Já os últimos dois textos conversam muito entre si e são mais informativos. O terceiro traz dados sobre o consumo e o acesso ao cinema no Brasil, evidenciando uma realidade que mostra que esse acesso não é democrático. Já o quarto texto é uma justificativa para o terceiro: ele evidencia quais fenômenos sociais fizeram com que o cinema ficasse restrito a algumas classes e regiões.
Embora todos os textos da coletânea apontassem para a necessidade de democratização do cinema, um detalhe referente ao entendimento do que é cinema pode ter gerado dúvidas entre os candidatos, como aponta o professor Paganim. Segundo ele, isso acontece porque cinema é uma palavra polissêmica e comporta mais de uma interpretação. O candidato poderia falar do cinema como expressão artística, enfoque mais explorado nos textos um e dois da coletânea, ou no cinema como aparelho cultural, espaço de exibição, enfoque dos textos três e quatro.

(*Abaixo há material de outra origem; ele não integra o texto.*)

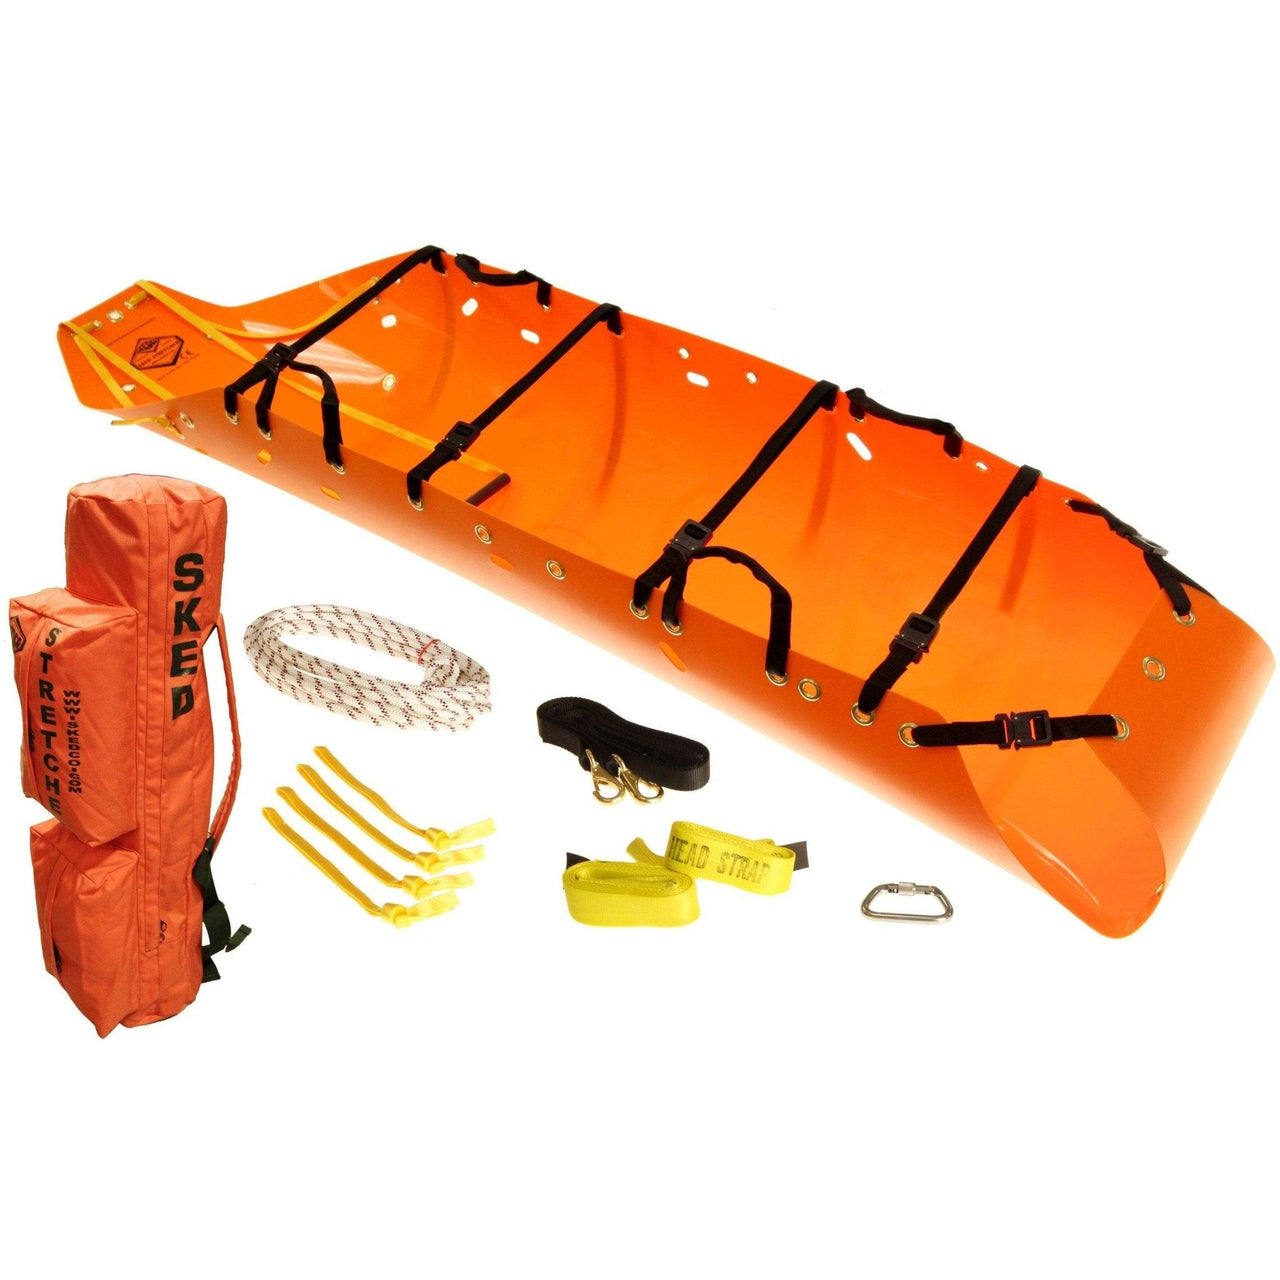 Sked® Basic Rescue System - International Orange - Vendor

O desafio para o candidato era enxergar essas duas possibilidades.
O importante, segundo os três professores consultados pelo GUIA, era que o candidato percebesse que os textos da coletânea apontavam para a defesa da democratização da cultura – e esperava-se que sua argumentação fosse neste sentido.
Se o candidato partisse da perspectiva do cinema como espaço, poderiam ser exploradas na argumentação as informações fornecidas pelos dois últimos textos para analisar um cenário em que a maioria das pessoas, em função de questões financeiras ou mesmo espaciais/regionais, ainda não tem condições de frequentar cinemas. Já para explorar o papel do cinema como arte, cabia uma reflexão sobre os impactos que a falta de contato com o cinema poderia acarretar na sociedade.

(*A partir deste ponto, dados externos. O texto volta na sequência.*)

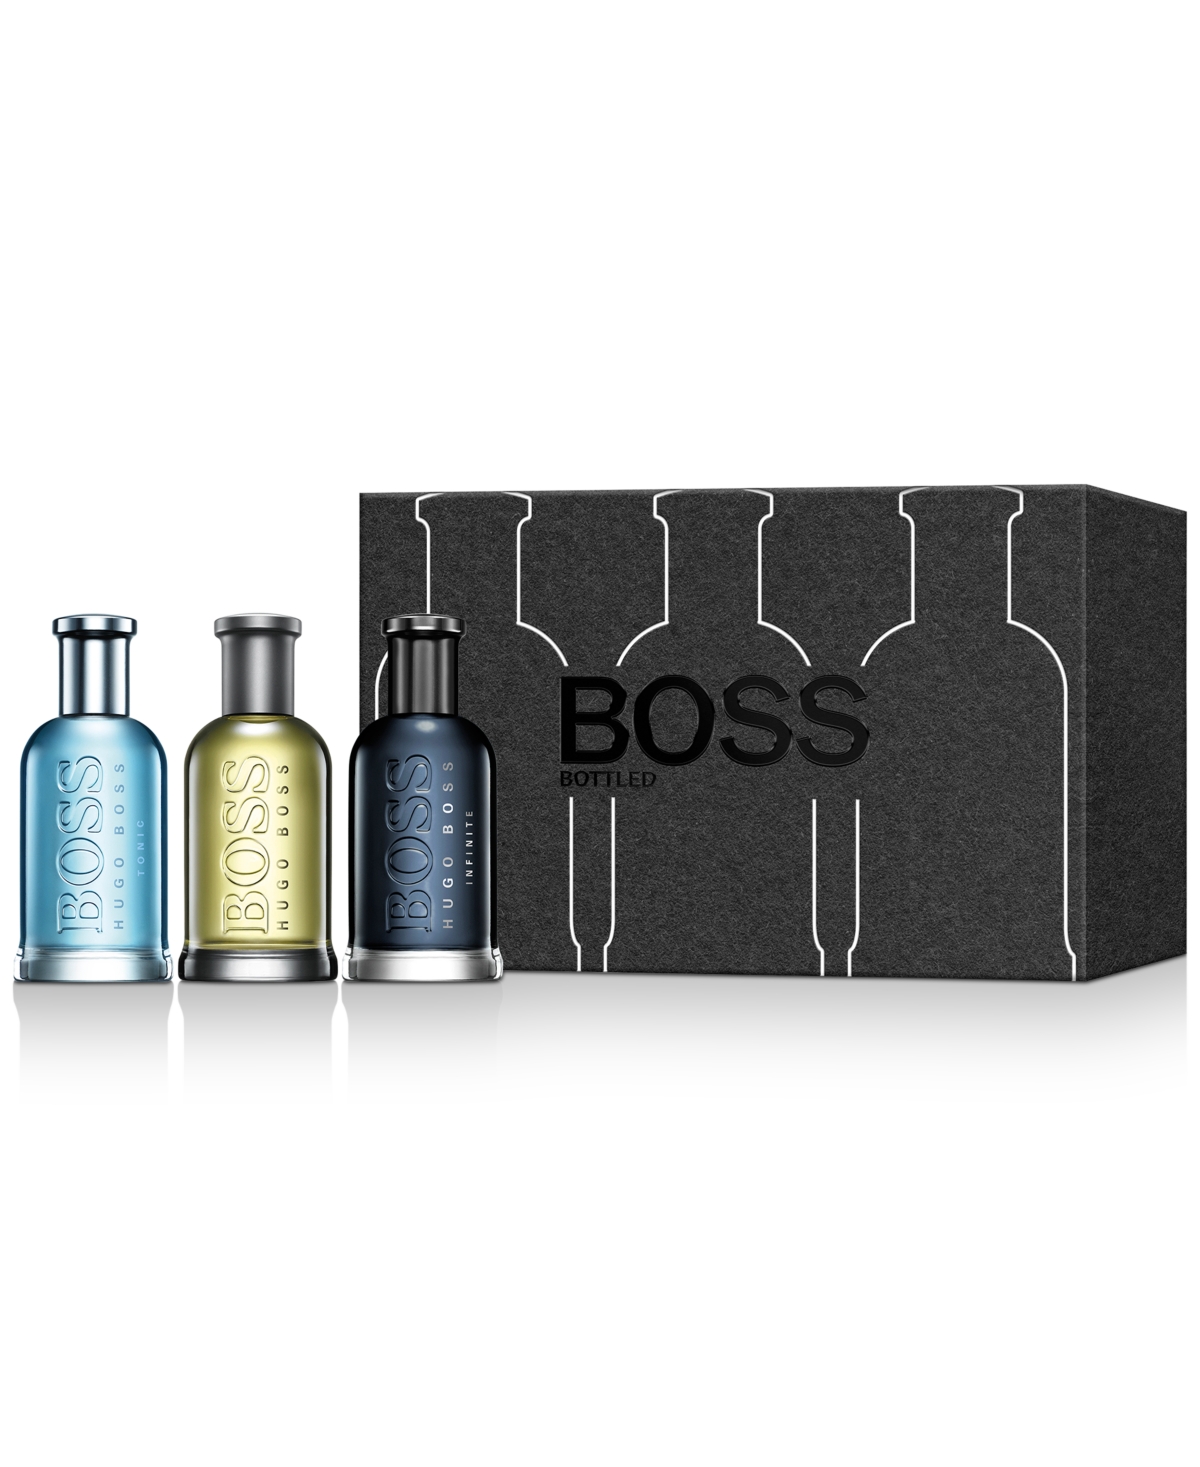 Hugo Hugo Boss BOSS Bottled Multiline Gift Set, at Macy's! - Macy's

Financiamento da cultura e fuga do tema
Assim que o tema da redação foi divulgado pelo ministro da Educação, o termo “Ancine” se tornou de pronto um dos assuntos mais comentados do Twitter. A União Nacional dos Estudantes (UNE) comentou em suas redes sociais que Bolsonaro não iria bem na redação caso fizesse a prova. Isso porque, desde o começo da sua gestão, o presidente tem tomado medidas contra a Lei Rouanet e a Ancine (Agência Nacional do Cinema), ambas consideradas formas de fomento à produção cultural.
Mas, afinal, o candidato poderia falar da Ancine na sua redação ou isso seria considerado fuga do tema? Segundo a professora Maria Catarina, não teria problema algum que o candidato citasse, como contexto ou mesmo um dos argumentos do texto, a redução de investimento na área da cultura e os cortes na agência, mas esse não poderia ser o centro do texto e pauta central – já que, sozinho, o baixo investimento na Ancine não explica a dificuldade de acesso ao cinema.
As discussões sobre o investimento na área da cultura estiveram bastante presentes no debate público e foram amplamente pautados pela mídia no primeiro semestre do ano. Por isso, citá-los seria também uma forma do candidato demonstrar repertório sobre o tema, destaca o professor Sérgio Paganim.
Propostas de intervenção
Aumentar o investimento em órgãos e leis de fomento à cultura poderia ser, inclusive, uma das propostas de intervenção apresentadas pelos candidatos no parágrafo de conclusão do texto. Caberia, portanto, falar da Lei Rouanet e da Ancine – não sozinhas, mas como medidas complementares. Além disso, o candidato poderia sugerir iniciativas que reduzissem o preço do ingresso de cinema para torná-lo mais acessível, além da promoção de exibições de filmes ao ar livre em cinemas e parques, sugere a professora do Poliedro.